Advertisement

N.Y. Company to Buy Ford Aerospace Corp.

Share
TIMES STAFF WRITERS

Ford Motor Co. confirmed Monday that it has selected Loral Corp., a New York-based defense electronics giant, as the winning bidder to purchase its Newport Beach-based defense subsidiary, Ford Aerospace Corp.

The purchase price was not disclosed, but sources close to the negotiations said Loral will pay about $800 million in cash for Ford Aerospace and will assume certain other liabilities--such as retiree benefit payments and other debt obligations--which will boost the total value of Loral’s offer to about $1.3 billion.

Not included in the deal, however, is Ford Aerospace’s long-term lease on 99 acres of ocean-view real estate in Newport Beach where it has its corporate offices and one of its largest manufacturing operations, the 2,700-employee Aeronutronic missile manufacturing division. The land is owned by the Irvine Co.

Advertisement

A source close to the transaction said Monday that the buyer of Ford Aerospace would be required to vacate the property within five years.

A Ford executive who asked not to be identified confirmed that the lease was not included in the proposed sale to Loral.

Loral, the nation’s 19th-largest defense contractor, beat out two other teams of bidders, one that included El Segundo-based Hughes Aircraft Co. and another led by Westinghouse Electric Corp. in Baltimore.

When Ford Motor put its defense subsidiary up for sale on Jan. 12, it had sought cash bids of $1.2 billion. But sources said no bidders were willing to offer that much because of the downturn in defense spending.

Loral and Ford Motor stressed that the agreement is not yet final and is subject to regulatory approvals. Ford Motor said a final deal is expected within three months.
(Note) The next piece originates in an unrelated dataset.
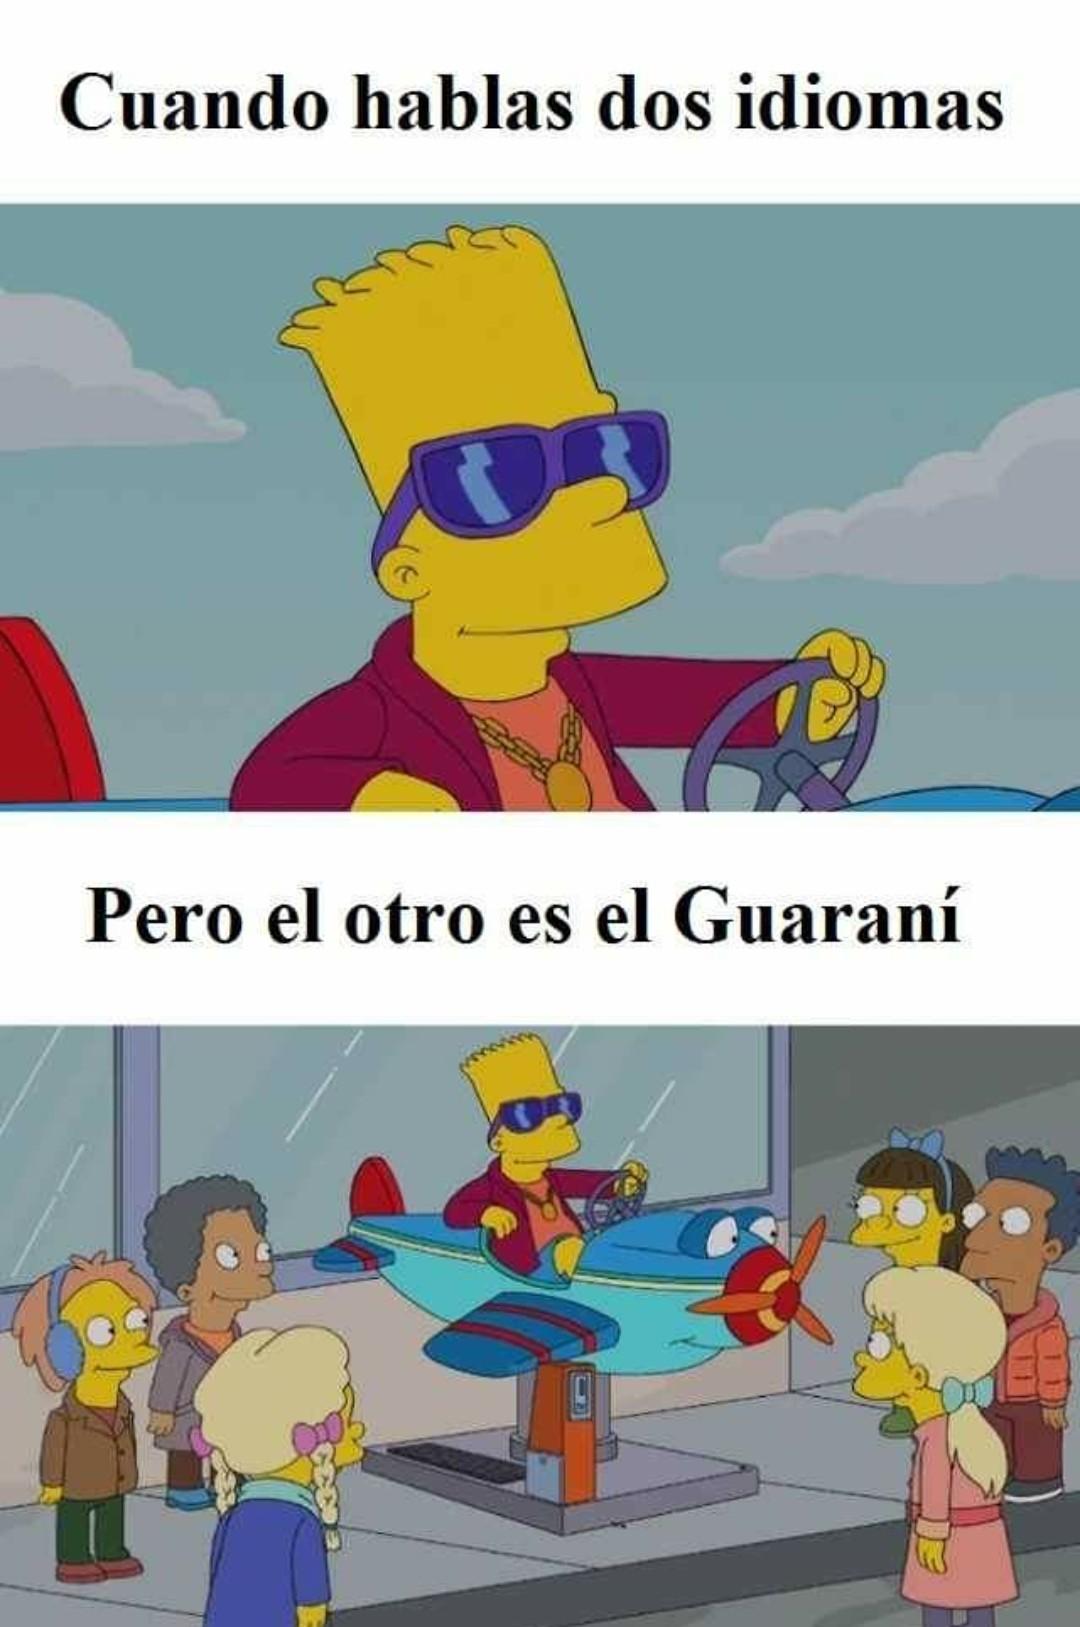 GUARANI - meme

Loral said financing for the acquisition has been completed.

“Loral’s offer was the best, financially, and meets all of our requirements,” Harold A. Poling, Ford Motor chairman and chief executive, said in a statement. “The sale is for the whole of Ford Aerospace Corp.--a fundamental objective for us throughout the sale process.”

Advertisement

However, some Wall Street analysts noted that Loral is only two-thirds the size of Ford Aerospace and may have to sell off certain operations to pay for the deal.

On Friday, officials of a Westinghouse Electric-led consortium pledged not to dismantle the company if Ford Motor chose it as the winning bidder. The consortium also includes the Carlyle Group, a private merchant bank, and Aerospatiale, a French aerospace firm. The pledge was viewed as an effort by the Westinghouse group to gain an advantage in the bidding by suggesting that Loral was likely to break up Ford Aerospace.

Michael Beltramo, a Los Angeles defense consultant and former Rand Corp. analyst, said he doubts Loral is interested in all of Ford Aerospace’s businesses. “I can’t imagine why Loral would want to get into the missile business. They don’t have anything in that area, and missiles is not a growth area. It’s really been decimated in the past few years.”

He speculated that Loral may have been mostly interested in Ford Aerospace’s satellite and space operations.

”. . . Maybe they saw a few interesting pieces (at Ford Aerospace) and thought they could get a dividend from the break-up value,” Beltramo said.

Industry observers speculated that if Loral does decide to sell part of Ford Aerospace, the most likely operations to be sold would be Ford’s missile and satellite divisions in California and its BDM International Inc. subsidiary, a Virginia-based engineering and consulting company that Ford Aerospace bought for $425 million in 1988.

Advertisement

But Elizabeth Allen, a Loral spokeswoman, said the company intends to continue to operate Ford Aerospace as it currently exists. “We don’t have any plans to break them up,” she said.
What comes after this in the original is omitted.